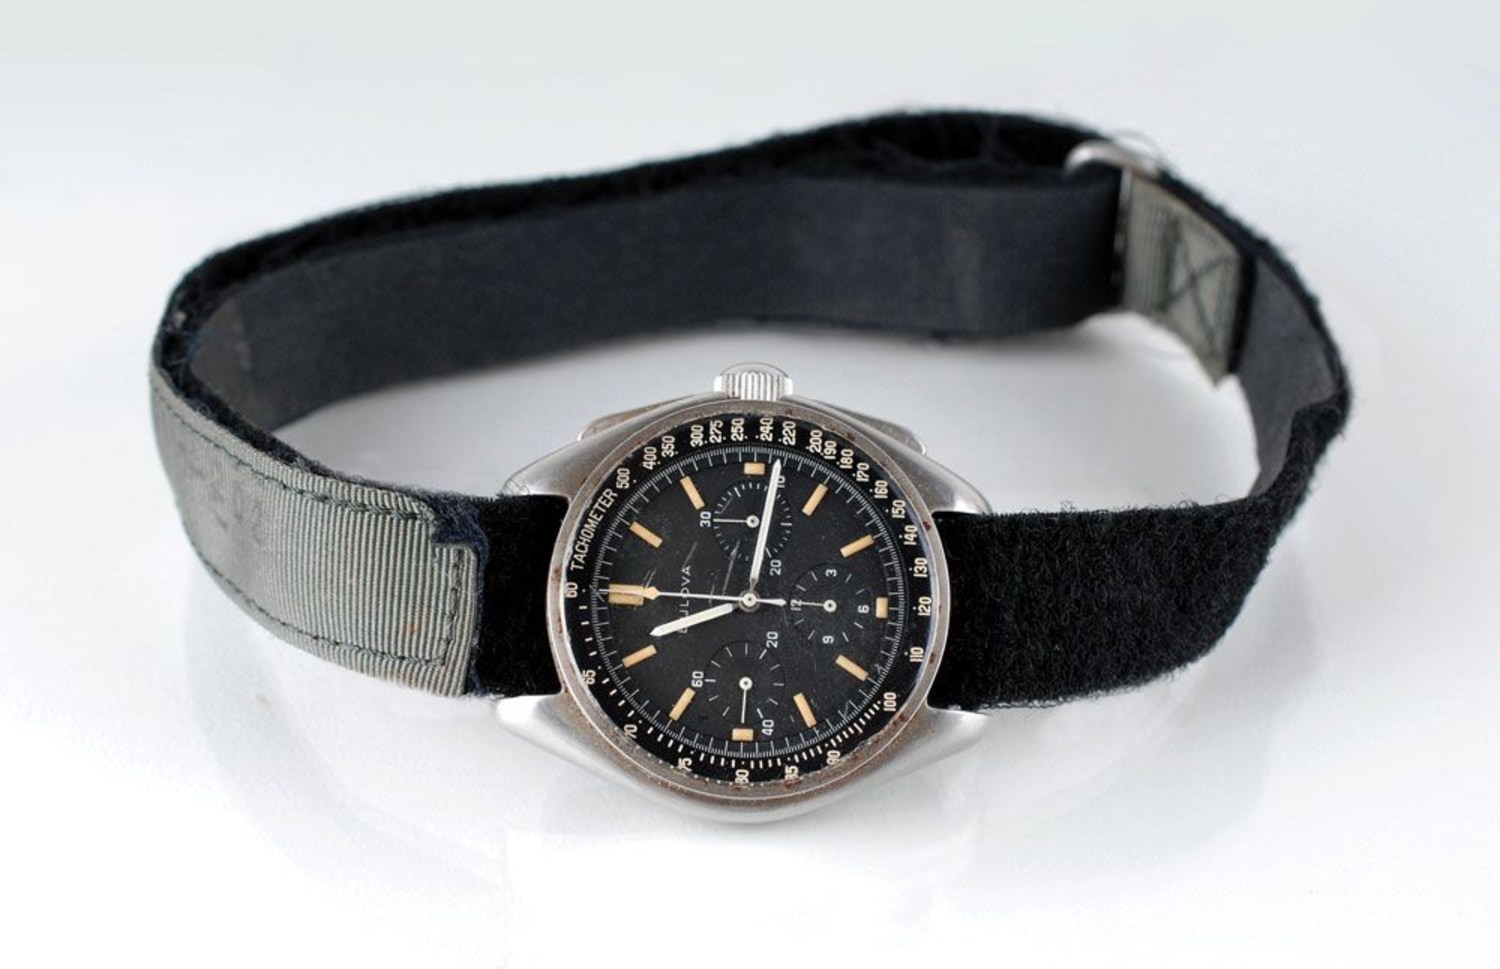 titanium watch with real moon dust from meteorite recalls NASA's apollo 11  landing
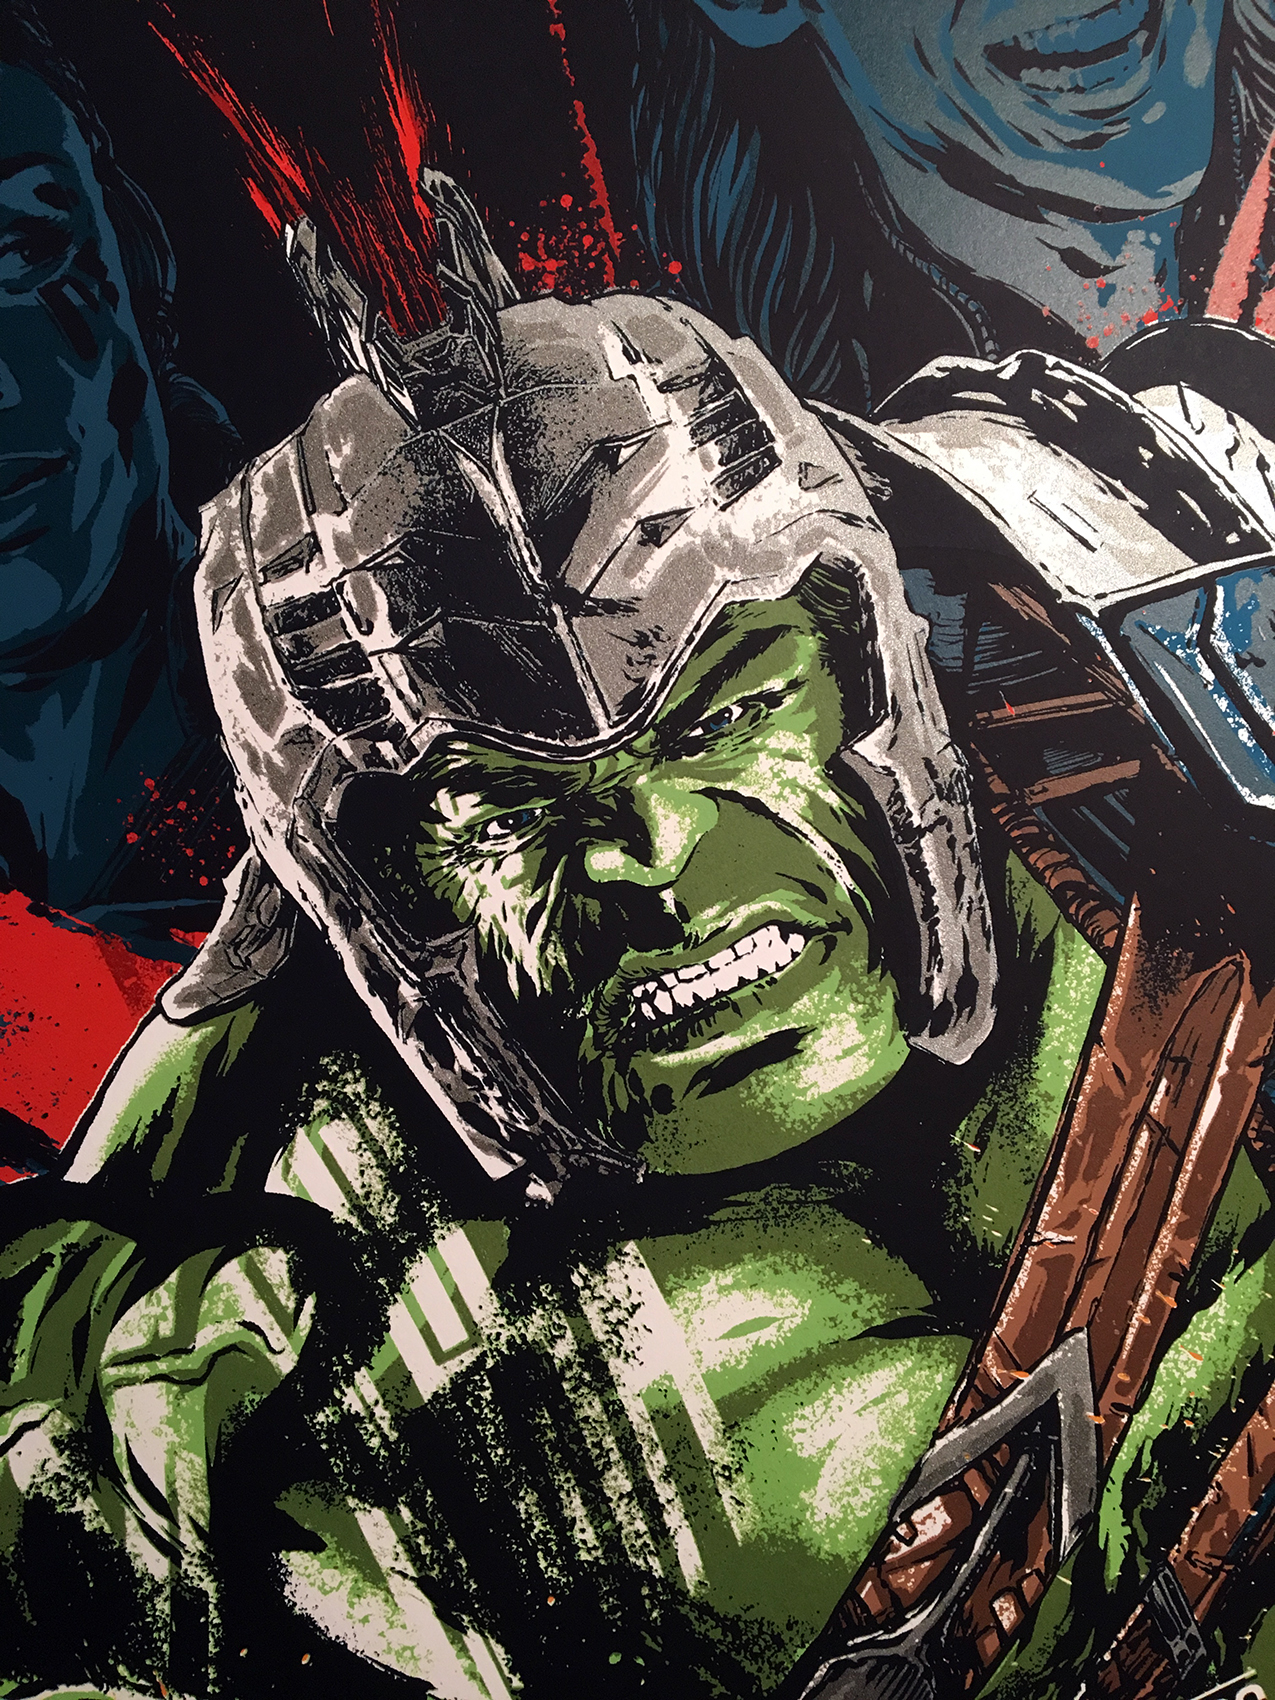 Thor Ragnarok Comic Poster Wallpapers
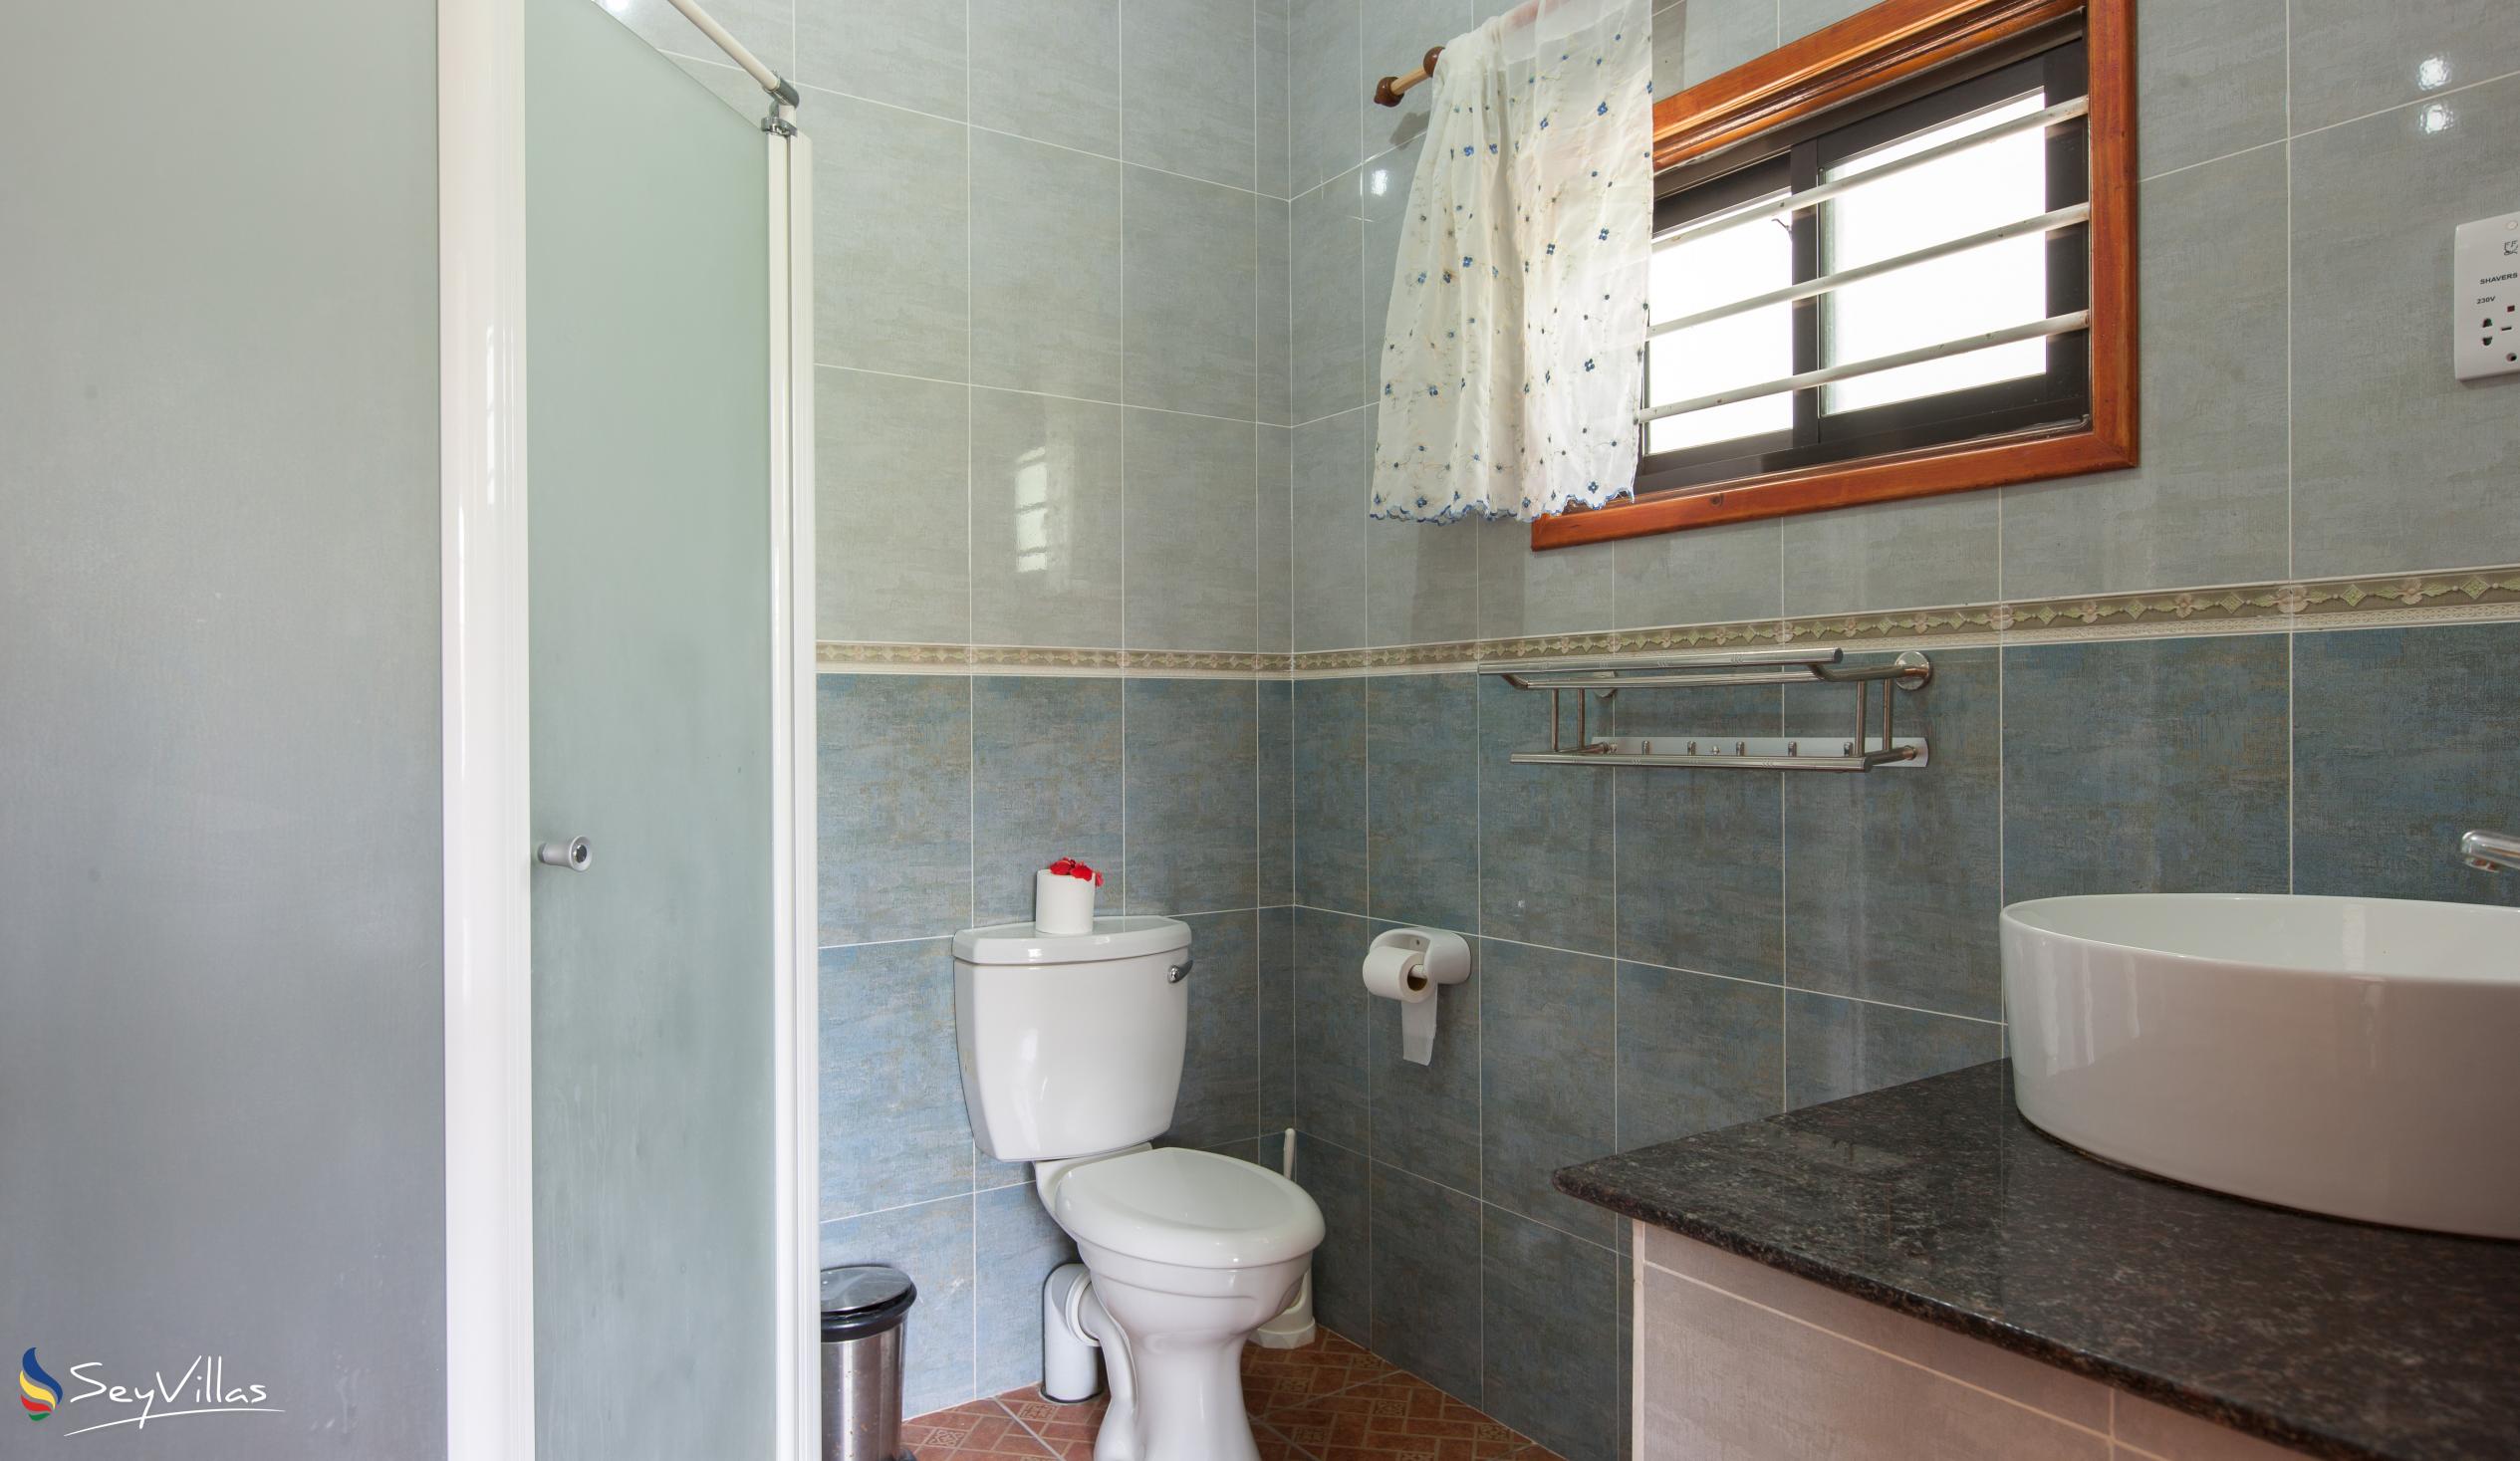 Foto 36: Zerof Self Catering  Apartments - Bungalow mit 2 Schlafzimmern - La Digue (Seychellen)
──────
# [YOUR GOAL]
Every line above must be printed again exactly, pictures excluded.

# [RESPONSE BELOW]
 titanium watch with real moon dust from meteorite recalls NASA's apollo 11  landing
 Thor Ragnarok Comic Poster Wallpapers
 Foto 36: Zerof Self Catering  Apartments - Bungalow mit 2 Schlafzimmern - La Digue (Seychellen)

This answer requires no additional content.